Le mur se rapproche, accélérons !

« Les technocrates, si on leur donnait le Sahara, dans cinq ans il faudrait qu’ils achètent du sable ailleurs. »

On aurait sans doute mieux fait de leur fourguer le sahara, ça aurait certainement emmerdé moins de monde. Au lieu de ça, on a eu l’idée géniale de les laisser seuls aux commandes de la production d’énergie.

Et les résultats sont éloquents ! En 2008, ribambelle de coupures parce qu’il y a eu du vent. En 2009, tripotée de coupures parce qu’il a fait froid. C’est vrai qu’avant c’était autre chose ! Je suis persuadé que c’est le réchauffement climatique qui est responsable de l’apparition du vent  et…du froid.

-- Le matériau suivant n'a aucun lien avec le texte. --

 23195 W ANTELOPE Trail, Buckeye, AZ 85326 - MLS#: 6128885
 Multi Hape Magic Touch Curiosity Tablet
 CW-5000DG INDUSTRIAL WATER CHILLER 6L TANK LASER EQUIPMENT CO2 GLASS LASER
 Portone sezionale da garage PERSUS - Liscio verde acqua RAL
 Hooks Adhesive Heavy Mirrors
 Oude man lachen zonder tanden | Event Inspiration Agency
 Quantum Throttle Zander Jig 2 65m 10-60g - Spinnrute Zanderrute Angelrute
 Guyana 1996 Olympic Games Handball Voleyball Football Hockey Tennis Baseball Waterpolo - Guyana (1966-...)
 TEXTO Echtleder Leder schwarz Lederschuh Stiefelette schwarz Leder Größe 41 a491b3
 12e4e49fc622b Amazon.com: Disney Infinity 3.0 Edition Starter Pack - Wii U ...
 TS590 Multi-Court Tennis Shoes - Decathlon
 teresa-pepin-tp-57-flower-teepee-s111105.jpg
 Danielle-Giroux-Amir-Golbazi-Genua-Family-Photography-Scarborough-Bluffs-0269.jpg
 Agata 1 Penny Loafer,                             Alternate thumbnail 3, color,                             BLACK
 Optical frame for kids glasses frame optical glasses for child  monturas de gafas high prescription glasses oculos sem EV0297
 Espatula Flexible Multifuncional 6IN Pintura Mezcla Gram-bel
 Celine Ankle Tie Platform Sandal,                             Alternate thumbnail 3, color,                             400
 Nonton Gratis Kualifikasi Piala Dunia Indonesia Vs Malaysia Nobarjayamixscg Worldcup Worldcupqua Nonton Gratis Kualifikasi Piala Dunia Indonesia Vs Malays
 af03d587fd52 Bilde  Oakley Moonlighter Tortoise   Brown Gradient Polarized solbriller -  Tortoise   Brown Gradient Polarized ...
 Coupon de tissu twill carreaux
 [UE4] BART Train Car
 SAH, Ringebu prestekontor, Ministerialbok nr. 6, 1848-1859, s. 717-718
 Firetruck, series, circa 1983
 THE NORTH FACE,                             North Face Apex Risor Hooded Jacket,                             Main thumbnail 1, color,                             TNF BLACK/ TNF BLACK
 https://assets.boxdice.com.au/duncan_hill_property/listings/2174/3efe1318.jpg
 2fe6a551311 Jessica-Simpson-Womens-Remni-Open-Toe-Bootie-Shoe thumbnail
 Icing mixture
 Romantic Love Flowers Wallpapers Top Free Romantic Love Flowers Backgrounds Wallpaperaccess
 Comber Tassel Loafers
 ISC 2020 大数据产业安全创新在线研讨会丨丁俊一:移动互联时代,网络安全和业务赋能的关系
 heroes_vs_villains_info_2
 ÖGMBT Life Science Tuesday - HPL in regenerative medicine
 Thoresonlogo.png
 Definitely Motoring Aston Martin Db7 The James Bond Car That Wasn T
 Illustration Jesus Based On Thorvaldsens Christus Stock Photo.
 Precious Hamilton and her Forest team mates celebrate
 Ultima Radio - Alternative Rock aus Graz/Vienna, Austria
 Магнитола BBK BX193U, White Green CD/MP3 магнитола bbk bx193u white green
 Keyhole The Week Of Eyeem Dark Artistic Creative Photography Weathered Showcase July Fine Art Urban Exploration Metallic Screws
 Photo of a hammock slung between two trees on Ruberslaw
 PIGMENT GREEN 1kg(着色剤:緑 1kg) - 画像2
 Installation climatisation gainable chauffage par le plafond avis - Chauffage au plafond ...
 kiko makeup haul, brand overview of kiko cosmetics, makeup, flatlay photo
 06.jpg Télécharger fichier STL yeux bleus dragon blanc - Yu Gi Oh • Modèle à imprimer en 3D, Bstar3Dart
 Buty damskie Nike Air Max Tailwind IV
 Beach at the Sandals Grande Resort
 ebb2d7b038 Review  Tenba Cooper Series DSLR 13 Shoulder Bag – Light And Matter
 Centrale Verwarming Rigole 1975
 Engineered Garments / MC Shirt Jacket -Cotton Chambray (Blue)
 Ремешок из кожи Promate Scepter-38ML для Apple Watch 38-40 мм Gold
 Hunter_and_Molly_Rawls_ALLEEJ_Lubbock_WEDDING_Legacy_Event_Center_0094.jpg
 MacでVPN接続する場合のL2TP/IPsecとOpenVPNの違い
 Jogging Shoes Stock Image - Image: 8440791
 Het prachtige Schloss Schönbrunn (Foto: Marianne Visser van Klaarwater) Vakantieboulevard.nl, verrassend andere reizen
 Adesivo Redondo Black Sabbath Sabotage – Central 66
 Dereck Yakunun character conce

Si l’on rajoute quelques grève par ci par , sans lesquelles la France ne serait plus la France, on finit, dans la joie et la bonne humeur, de franchir durablement la frontière qui sépare le statut d’exportateur de celui d’importateur.

Se retrouver à importer de l’électricité lorsqu’on est à la tête du 2ème parc électronucléaire au monde, voilà la démonstration éclatante de la compétence de nos chers technocrates.

Vite, ça chauffe comme ils disent à la télé. Réagissons vite ! Comme on pouvait s’y attendre s’agissant de l’Etat, les mesures prises sont à la fois parfaitement démagogiques et à côté de la plaque. En effet, pour être surs de pas se geler les miches pendant l’hiver, on va…acheter des panneaux solaires. Oui, oui, des panneaux solaires, ces machins hors de prix et bourrés de cadmium. Rappelons que le cadmium en question est un métal lourd hautement toxique et dont on ne sait absolument pas quoi faire au moment de lourder les panneaux usagés. Se ruiner pour remplacer des déchets radioactifs par des métaux lourds, en voilà une vraie idée de merde, d’autant plus qu’on oublie vaguement de produire de l’électricité dans le nouveau modèle.

En effet, l’objectif du Grenelle de l’environnement est de produire 1% de la consommation nationale en 2020 au moyen de panneaux solaires. Et pendant que l’on s’attache à opérer un transfert de richesse directement depuis la poche de ceux qui viennent de prendre la crise en pleine poire vers ceux qui sont à la recherche d’un crédit d’impôt, la situation du nucléaire, qui représente quand même un petit 80% de la production électrique française, se dégrade.

Le micro-ondes du futur

EDF est une « entreprise » lourdement endettée, que l’on voit donc mal mener à bien le nécessaire renouvellement du parc de centrales. 42 petits milliards, pensez donc, c’est rien du tout.

Ledit parc de centrales affiche un taux de disponibilité de l’ordre de 78%, en net recul ces dernières années et en net retrait par rapport aux standards mondiaux (de 85% à 90% pour les meilleurs).

De l’aveu même de l’ancien patron d’EDF, il existe un déficit important d’investissement, tant dans les outils de maintenance que de production. Car dans un souci évident de l’intérêt général, nos élites se sont attachées à cadenasser le marché national tout en allant faire leurs emplettes à l’étranger pour la somme rondelette de 14 milliards. Que voulez vous, avec des moyens limités, on ne peut pas se permettre de tout faire.

Mais réjouissons nous, car en France on est un phare de l’innovation et on va tout péter avec nos supers nouvelles technologies, notamment celle qu’on appelle EPR.

Pardon, on me signale dans l’oreillette que les EPR sont largement trop chers pour s’imposer face à la concurrence et que pour ne rien gâcher, leur sécurité est remise en question par 3 agences de sécurité. C’est trop cher et ça marche mal, dites, ça serait pas encore nos technocrates qui se cachent derrière cette magistrale réussite industrielle ?

L’équipe de France du nucléaire comme elle se désigne elle-même se rue comme un seul homme vers le mur. La question de la pérennité du nucléaire français se pose et la seule problématique qui intéresse nos technocrates est celle du réchauffement climatique dont la vacuité a été démontrée depuis longtemps.

Coincés d’un côté par une gestion soviétique du secteur énergétique caractérisée par la dilution des responsabilités, la détermination des prix par l’administration et la mainmise de la CGT sur le CE d’EDF et de l’autre par le lobbying rétrograde des écolos et autres altermondialeux, on risque bien de devoir un de ces quatre ressortir le poêle de mémé.

Mais ne nous inquiétons pas trop, il parait qu’on peut prolonger la durée de vie des centrales existantes jusqu’à 40 voire 50 ans.